# [What to do]
Transcribe only the lines of the listing below from the one holding "Das Innere einer" through the one holding "El litoral urbanizado", inclusive, without any change.

# [Entries provided]
----------
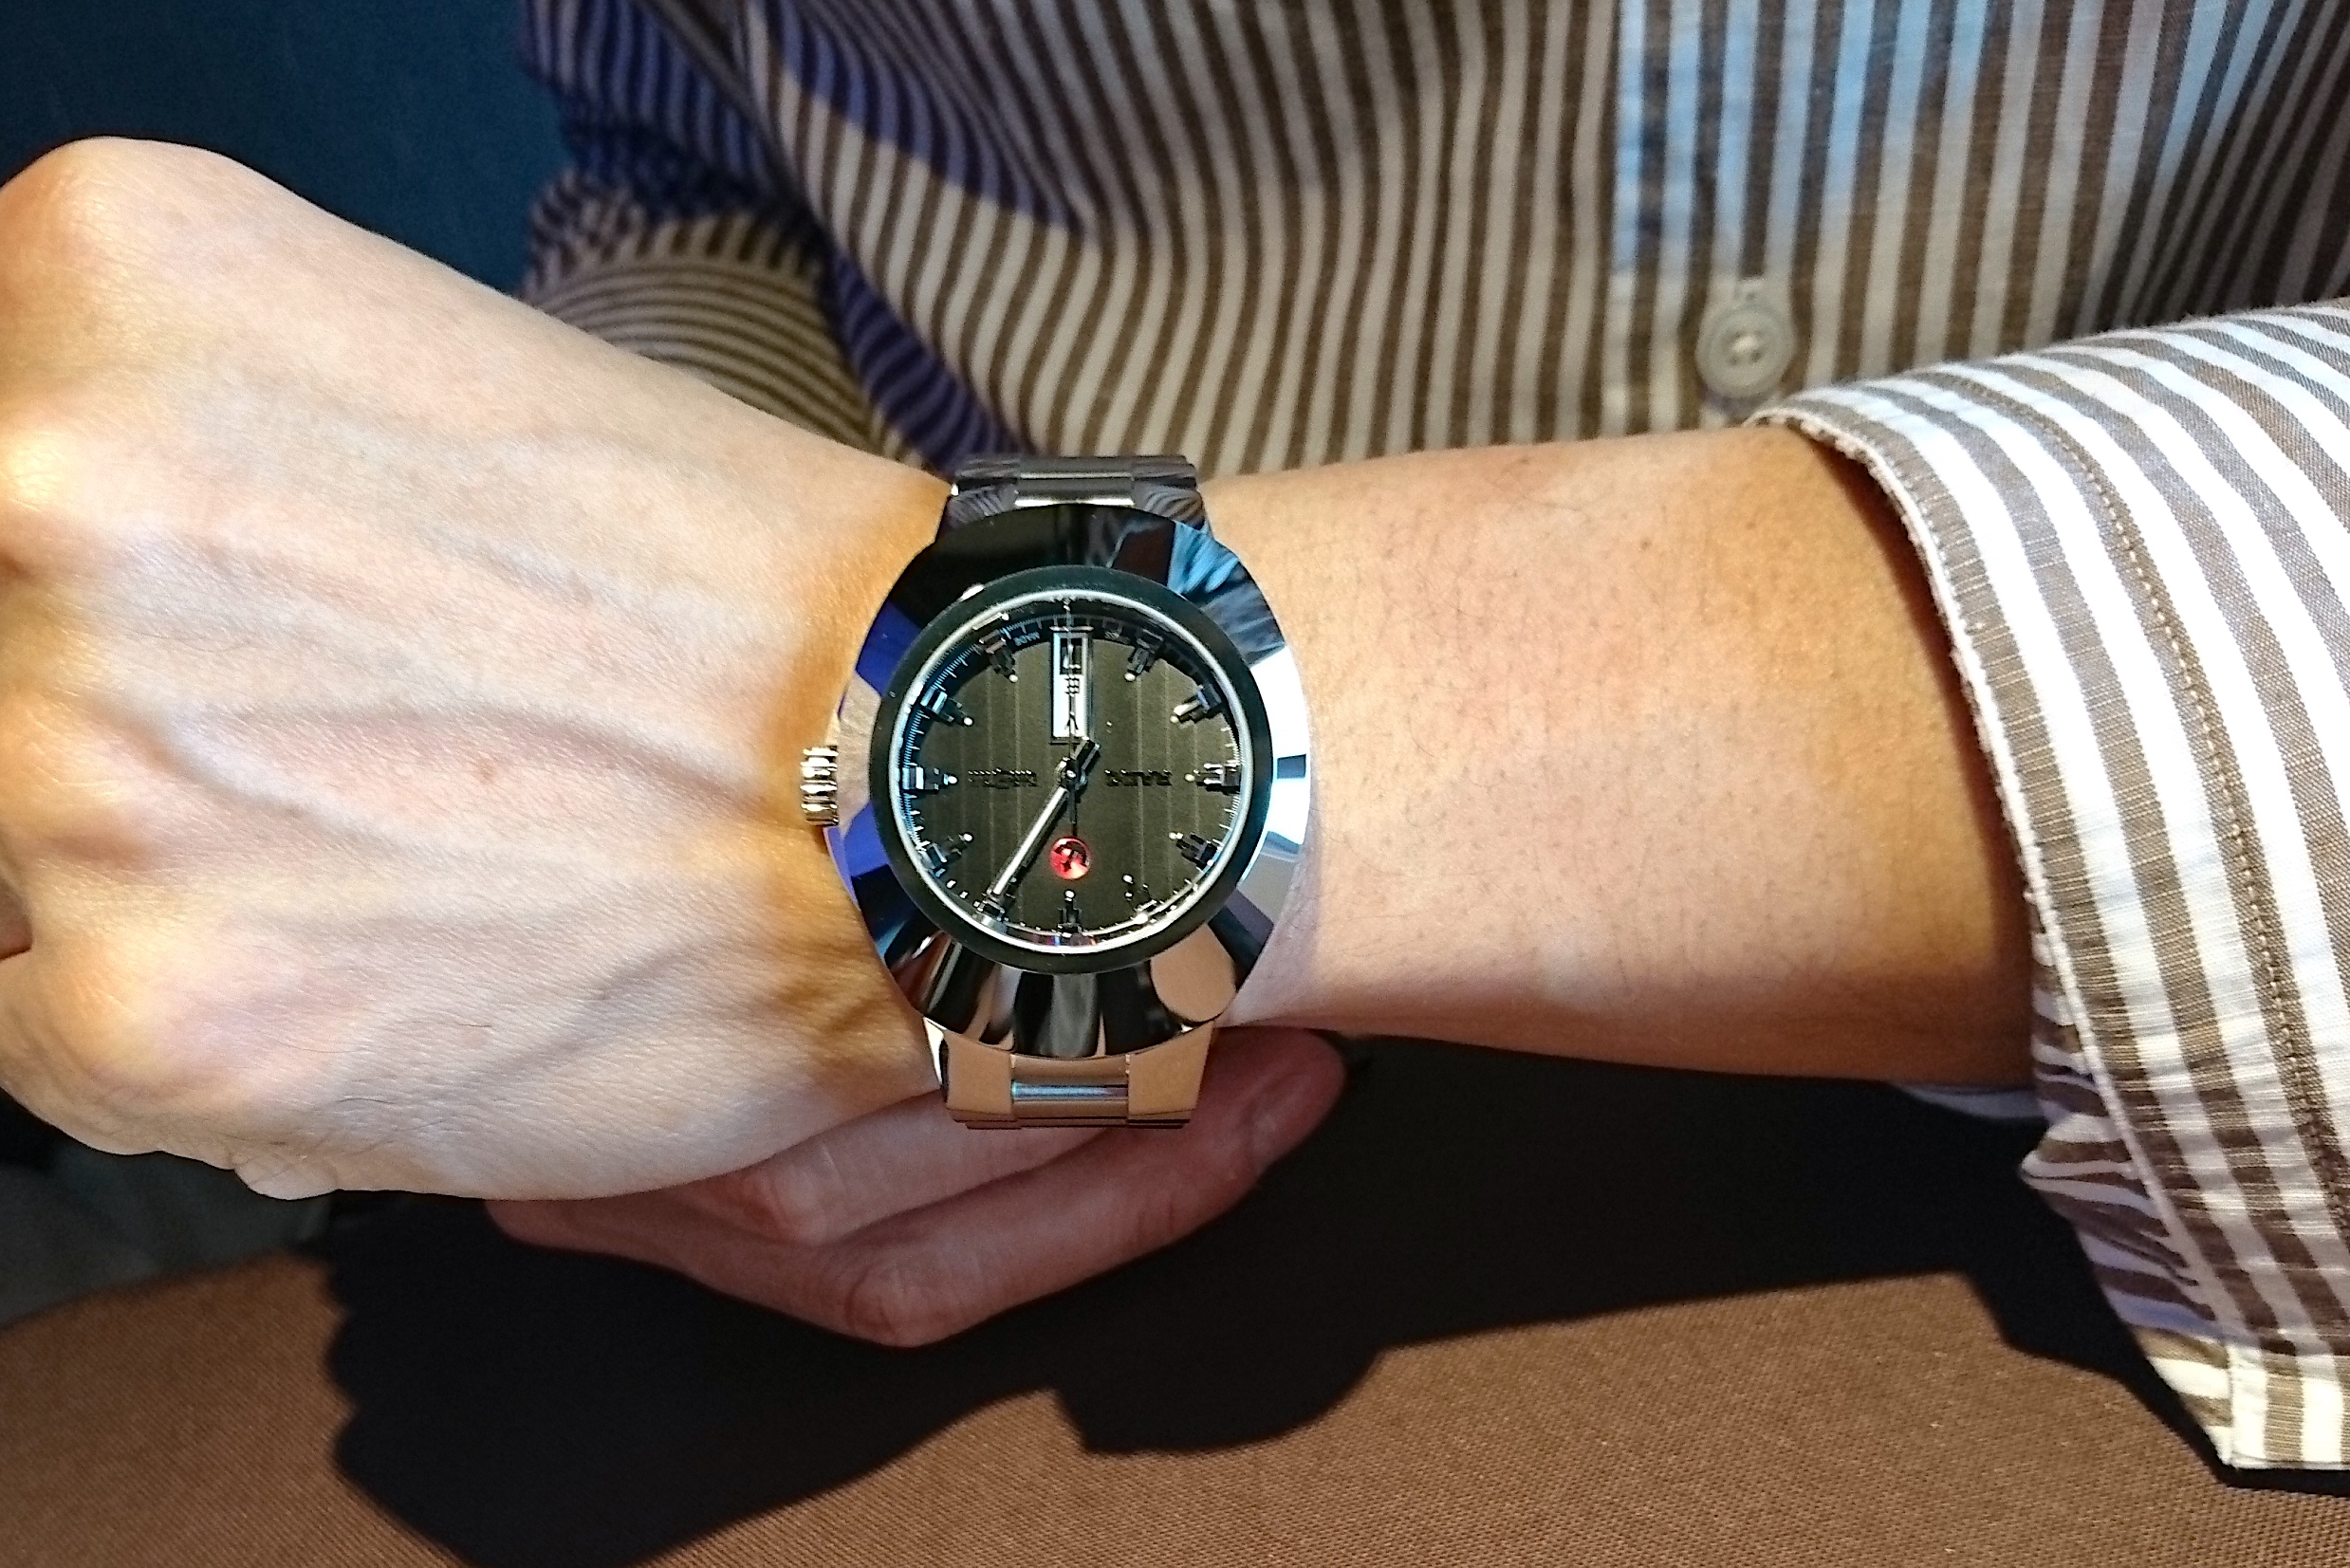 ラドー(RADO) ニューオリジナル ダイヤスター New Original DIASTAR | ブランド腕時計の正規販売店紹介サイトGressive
----------
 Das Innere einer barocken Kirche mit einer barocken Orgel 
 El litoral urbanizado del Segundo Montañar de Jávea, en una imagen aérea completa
----------
# [Written solution]
 Das Innere einer barocken Kirche mit einer barocken Orgel 
 El litoral urbanizado del Segundo Montañar de Jávea, en una imagen aérea completa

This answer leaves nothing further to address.